Blood & Sand |Nimes| de Loran.

   La última cuestión es de punto y aparte... para mí la más delicada, es la del contraste con el veganismo. De un tiempo a esta parte el florecimiento de nuevas inquietudes, probablemente relacionadas con las sociedades del desarrollo, ha condicionado la forma de entender la vida de los sujetos que las poseen. Frente a la adopción moral de los protectores de los animales (en abstracto ecologistas) por rechazar tratos vejatorios a otros seres vivos y a la naturaleza en su conjunto, encontramos a los vegetarianos, quienes nutricionalmente y dejando a un lado convicciones, prescinden de incluir en su dieta productos derivados de la carne (graduado entre los que consumen productos de animal vivo, como el huevo y la leche, y los que no) y en el último eslabón de la cadena se sitúa el vegano cuya visión trasciende a una filosofía de vida, no sólo no come carne ni productos derivados, tampoco consiente el trato vejatorio, ni cualquier otra forma de explotación animal (lo que incluye la utilización de tejidos como la lana). El problema es de legitimidad y surge del contraste ¿Cómo puede el ecologista no vegano participar del debate de la tauromaquia cuando consume carne animal, si no lo hace amparado en su propia supervivencia? En la pregunta está la respuesta, y es que mientras la ingesta de carne constituye una fuente proteínica imprescindible para el desarrollo del ser humano, participar de la tauromaquia difícilmente cumple una necesidad básica de las descritas en la clásica Pirámide de Maslow o en su caso (profesión) sería tenida por fácilmente reemplazable. Desde luego no puedo ignorar una implicación subyacente en mi teoría y es que en este ciclo alimenticio superponemos el valor de la vida del hombre a la del animal, tal debate sencillamente trasciende al del toreo. 


(...)

   Hace ya once años, corría el verano de 2002 y yo con mis diez otoños escuchaba a la también joven Eva Amaral cantando Toda la noche en la calle, era un sencillo fresco dentro de uno de los mejores discos del grupo Estrella de Mar, indispensable para los historiadores del pop-rock en España. En una de sus estrofas dejaba caer un hilo fino de tristeza mezclado con la inmensa ansia de liberación que recorre la canción cuando empatiza con la temida bestia a su llegada a la plaza. Años más tarde, en 2008, el grupo firmaba Es sólo una canción, pasajera y reivindicativa, sirve al grupo de vía de escape y opinión, puede que como esta entrada, para el genial Gato NegroDragón Rojo. Con este tema, contemporáneo a la protesta como género, no olvida la angustia que le causan las huellas de la sangre derramada.

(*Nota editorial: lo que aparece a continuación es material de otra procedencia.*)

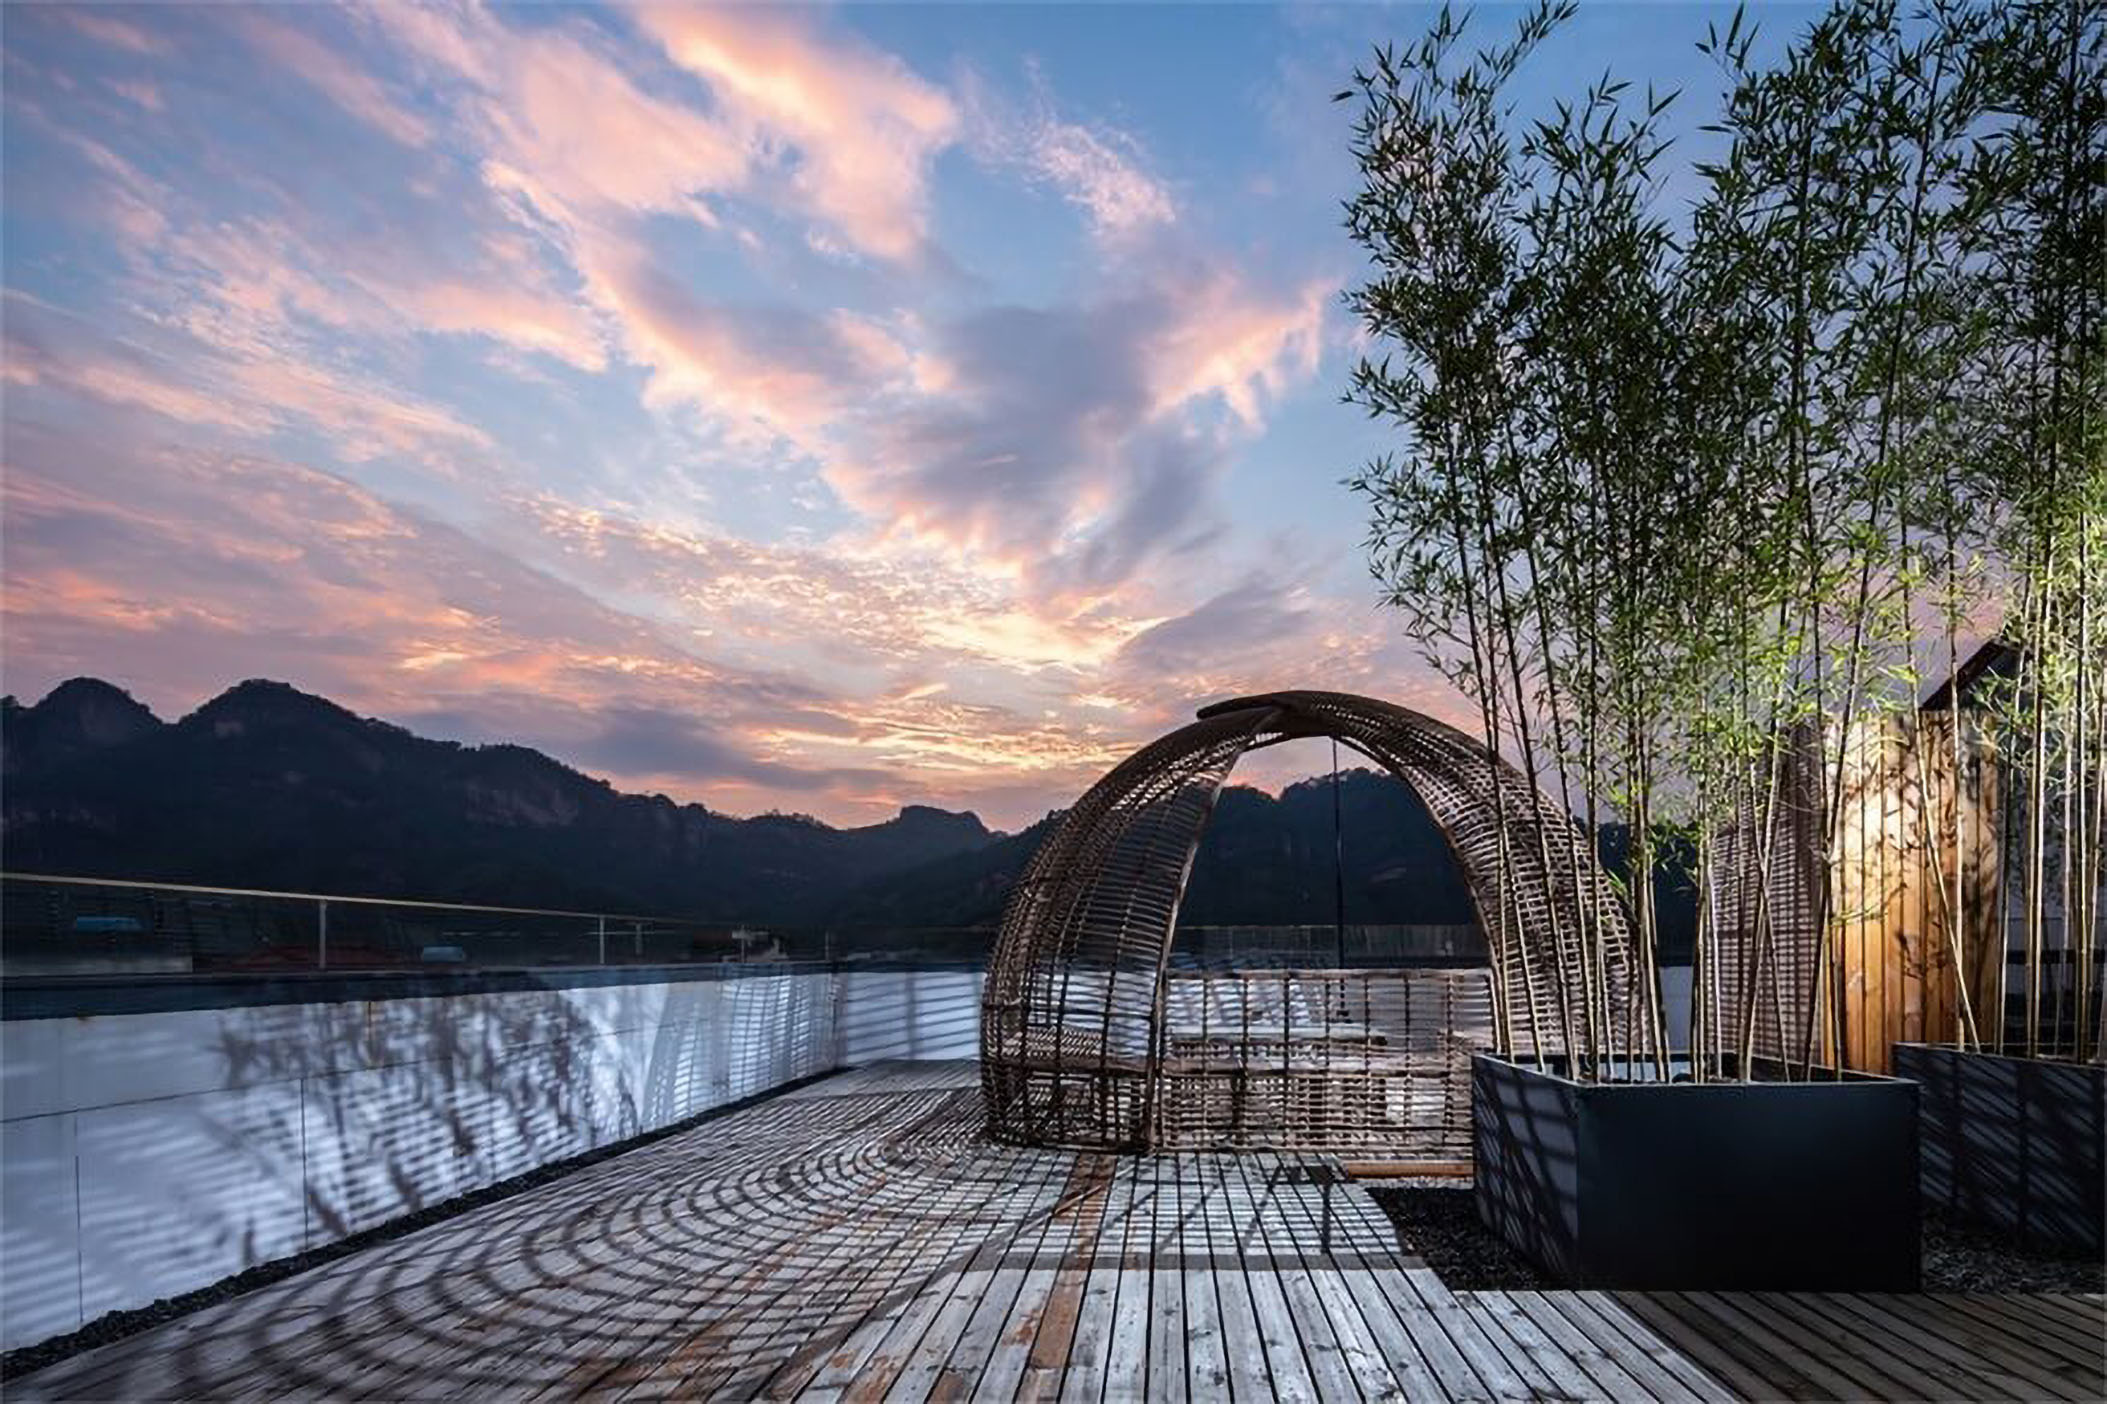 悦武夷·茶生活美学茶主题酒店景观设计

Si en 2014 el grupo vuelve a sacar disco y hace referencia en clave de rechazo al toreo, además de cumplir un lapso temporal diabólico, pondría de relieve que el transcurrir del tiempo se viene limitando a exhibir una realidad inmutable pero que, al menos como poso de nuestra sociedad, sirve de fuente de debate.


"No sé qué pinto yo aquí, dijo un torito en la arena, si sólo quiero vivir"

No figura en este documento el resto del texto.